Cadaveric grafts and pig skin grafts are the historical skin substitutes with which most surgeons are familiar. Cadaveric grafts are termed allografts, or homografts, because they are transplanted from one organism to another within the same species. Pig skin grafts are termed xenografts, or heterografts, because they are transplanted from one organism to another of a different species.
These grafts may be prepared for use in several ways. They may be treated with glycerol and rapidly frozen with liquid nitrogen, or they may be lyophilized and freeze-dried. Although graft processing does not ensure cell viability, the structural details, proteins, and enzymes remain intact. Eventually rejected by the body, these grafts may be used as temporary biologic dressings, especially in extensive burns where skin graft donor sites are limited. These dressings must normally be changed every 3 days to prevent a rejection response, but patients with burns, who tend to be relatively immunosuppressed, may require removal only every 5 days.
A theoretical risk of disease transmission exists with cadaveric grafts. Cultured epithelial cells have also been developed, both as autografts and allografts. Cultured epithelial autografts require biopsies of the patient, followed by growth of these cells in culture. For this reason, they are not available for several weeks until they have grown to confluent sheets. Currently, this culturing process is quite costly and yields an extremely fragile sheet of cells that are very sensitive to infection. Allograft sheets are available immediately but share the structural weaknesses of autografts and the theoretical risk of disease transmission. Allografts are eventually rejected as well but, in the interim, can serve as a biologic dressing.
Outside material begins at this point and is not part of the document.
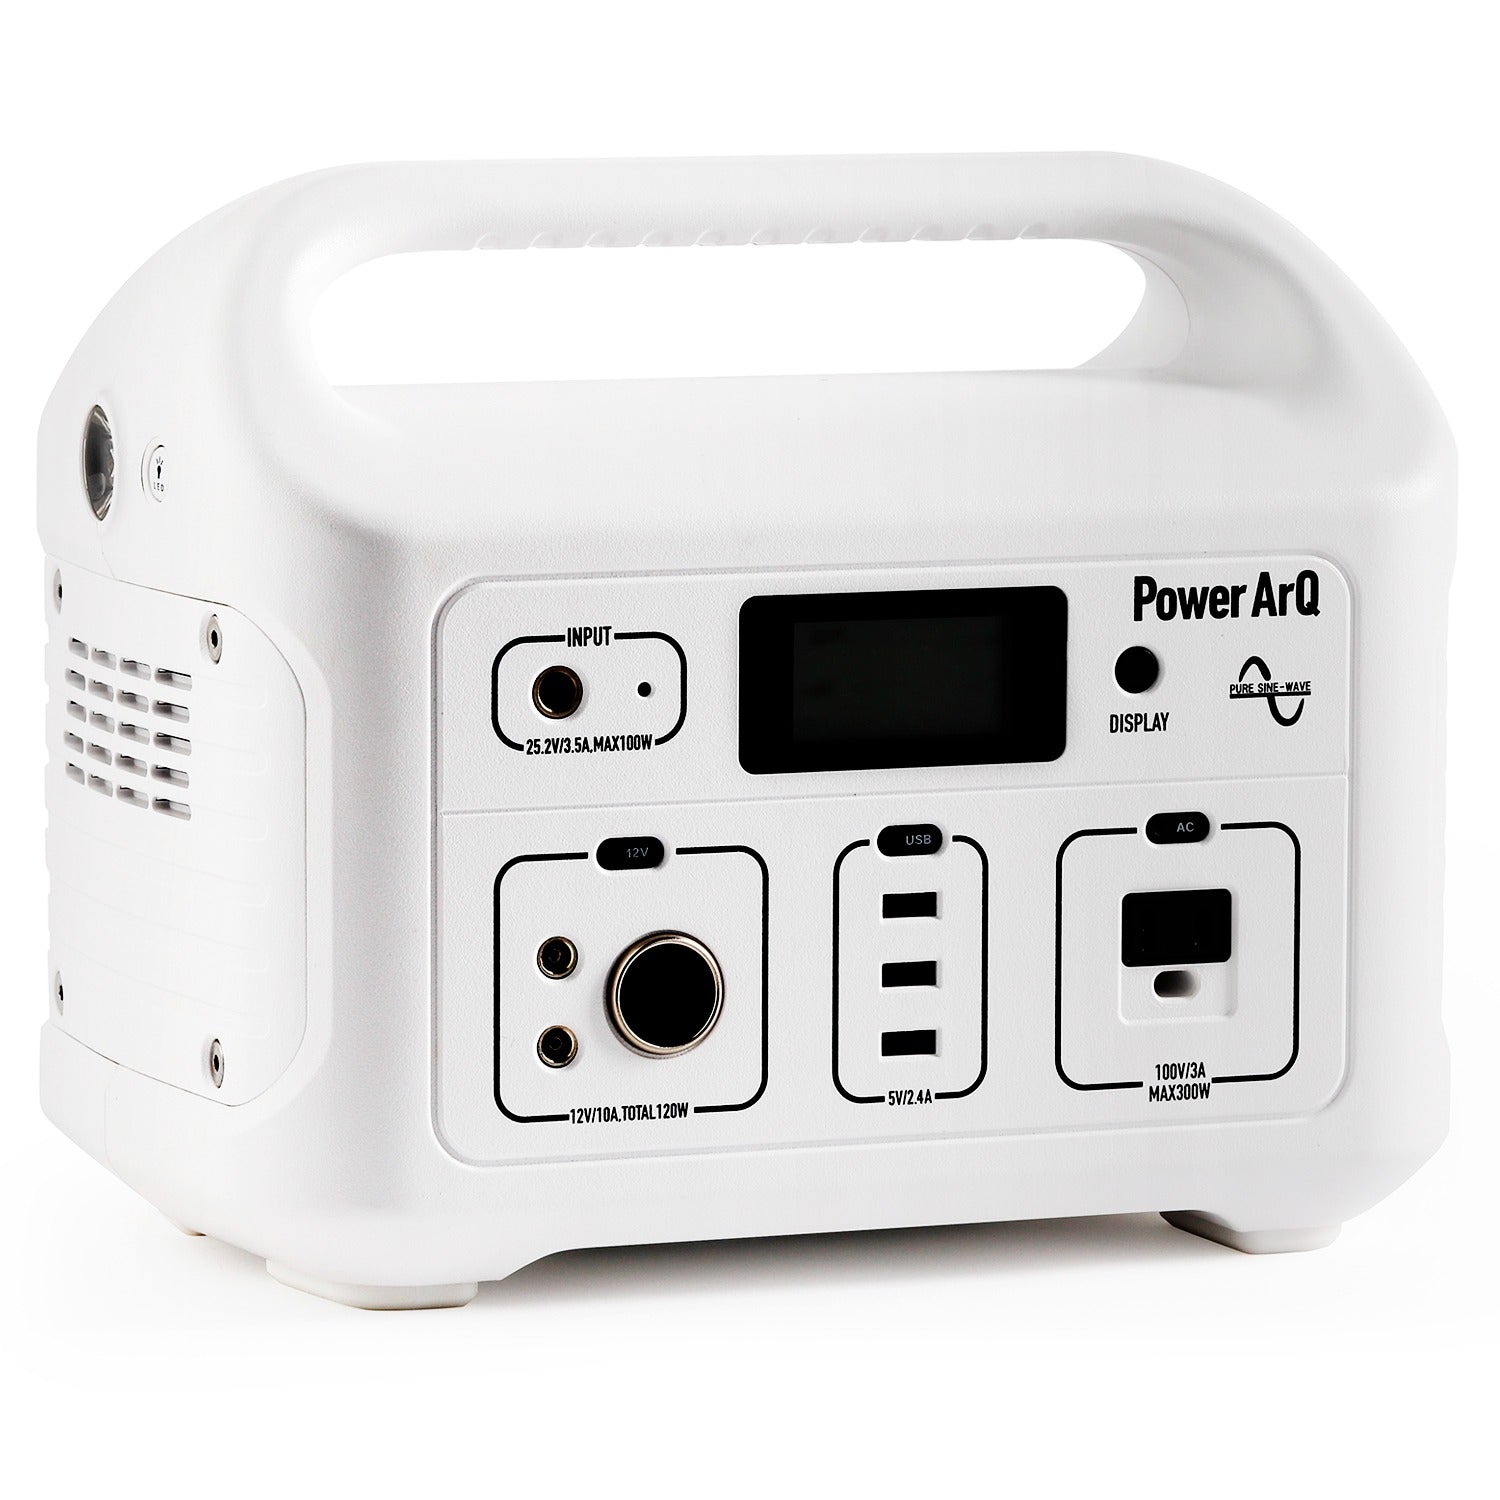 【整備済み】PowerArQ ポータブル電源 ホワイト 626Wh Smart Tap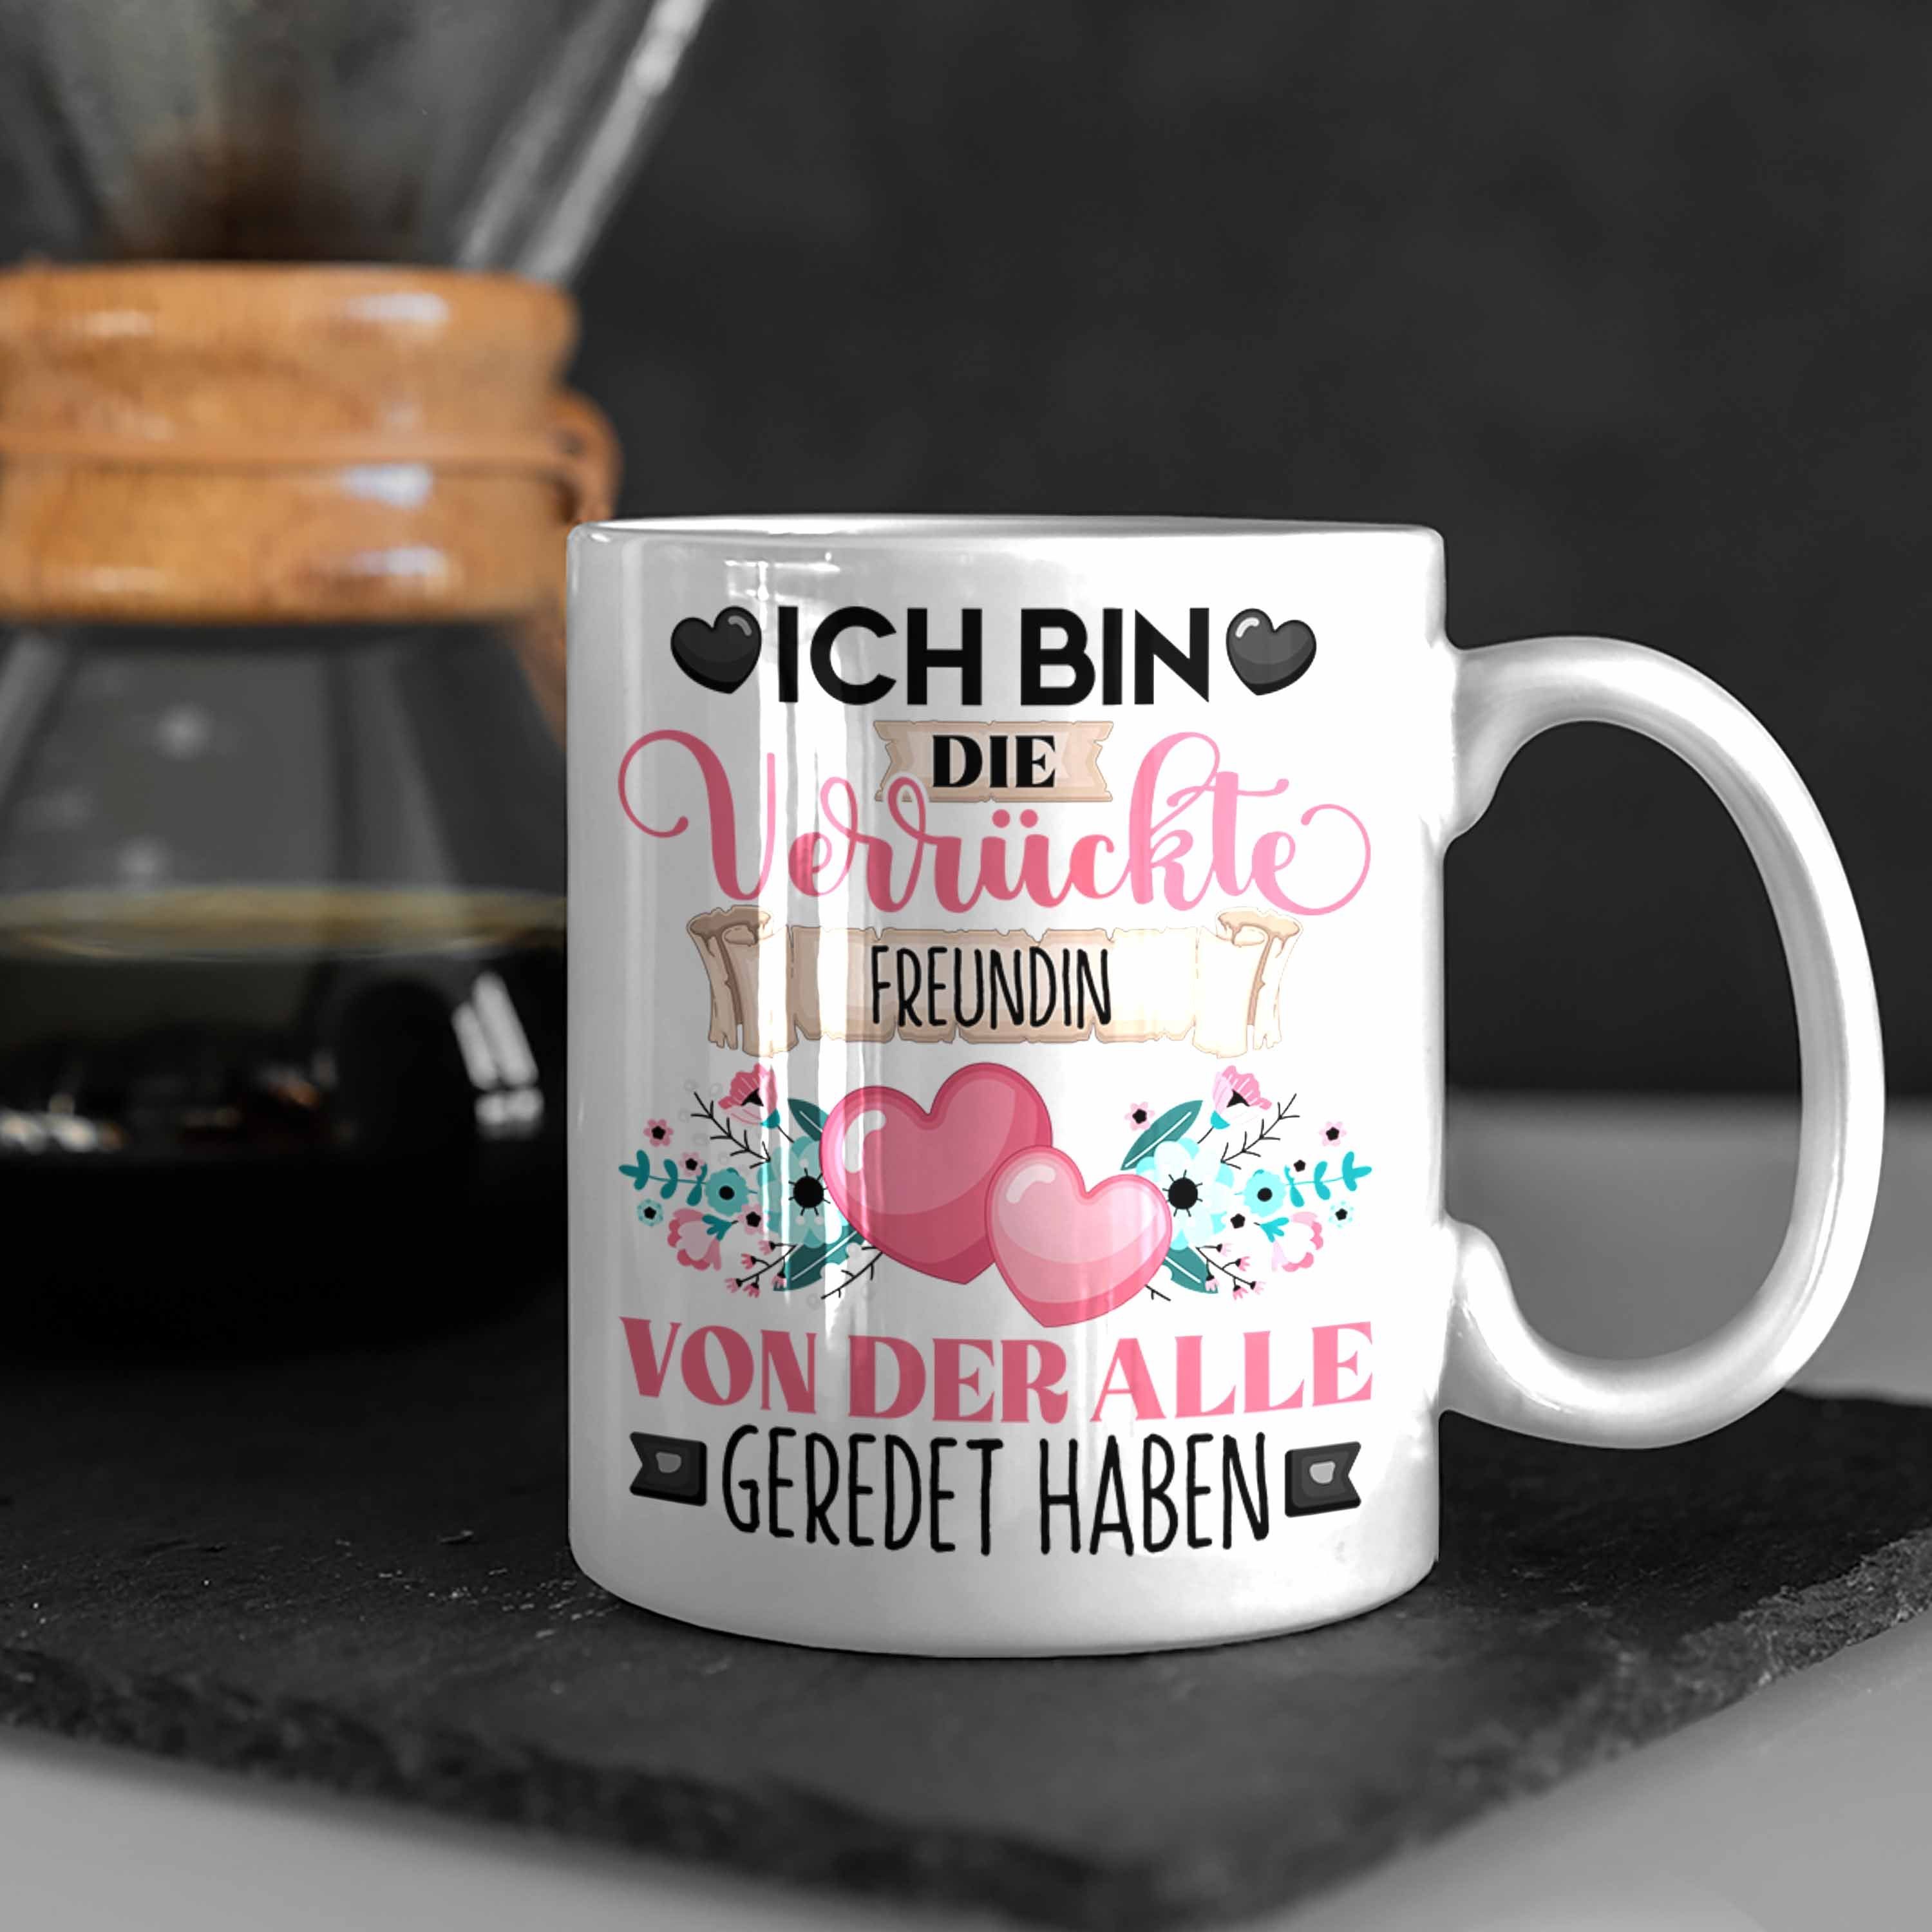 Trendation Tasse Freundin Weiss Ich Bin Verrü Geschenkidee Geschenk Lustiger Spruch Die Tasse

Allograft dermis has also been developed and effectively used for surgical wound coverage with adequate functional recovery and equivalent cosmesis.  This structure is not actually rejected by the body because it is rendered immunologically inert during processing. The body instead remodels and replaces it with a native dermal substitute. Cultured epithelial sheets or thin split-thickness skin grafts (STSGs) may be placed over this dermal substitute once it has become incorporated.
Bilayer collagen matrices are the latest development in this explosive field.  These are a porous, sponge-like lattice of bovine collagen, chondroitin-6-sulfate, and glycosaminoglycans that serve as the dermal substitute. The dermal substitute layer serves as a scaffold that facilitates ingrowth of native fibroblasts and blood vessels with its eventual replacement. An overlying silastic membrane simulates the epidermis and serves to seal the surface to reduce insensible fluid loss. This membrane is transparent, allowing wound inspection and progressively becomes less adherent to the dermal layer as it is incorporated into the body. At about 3 weeks the silastic layer may be peeled off and replaced with cultured epithelial cells or a thin STSG.
Current research in molecular biology, wound healing, and immunology will likely yield even better skin substitutes with which to treat patients in the future. One day, a synthetic bilayer membrane of quality equal to that of skin may be available off of the shelf for application as simple as that of a dressing change.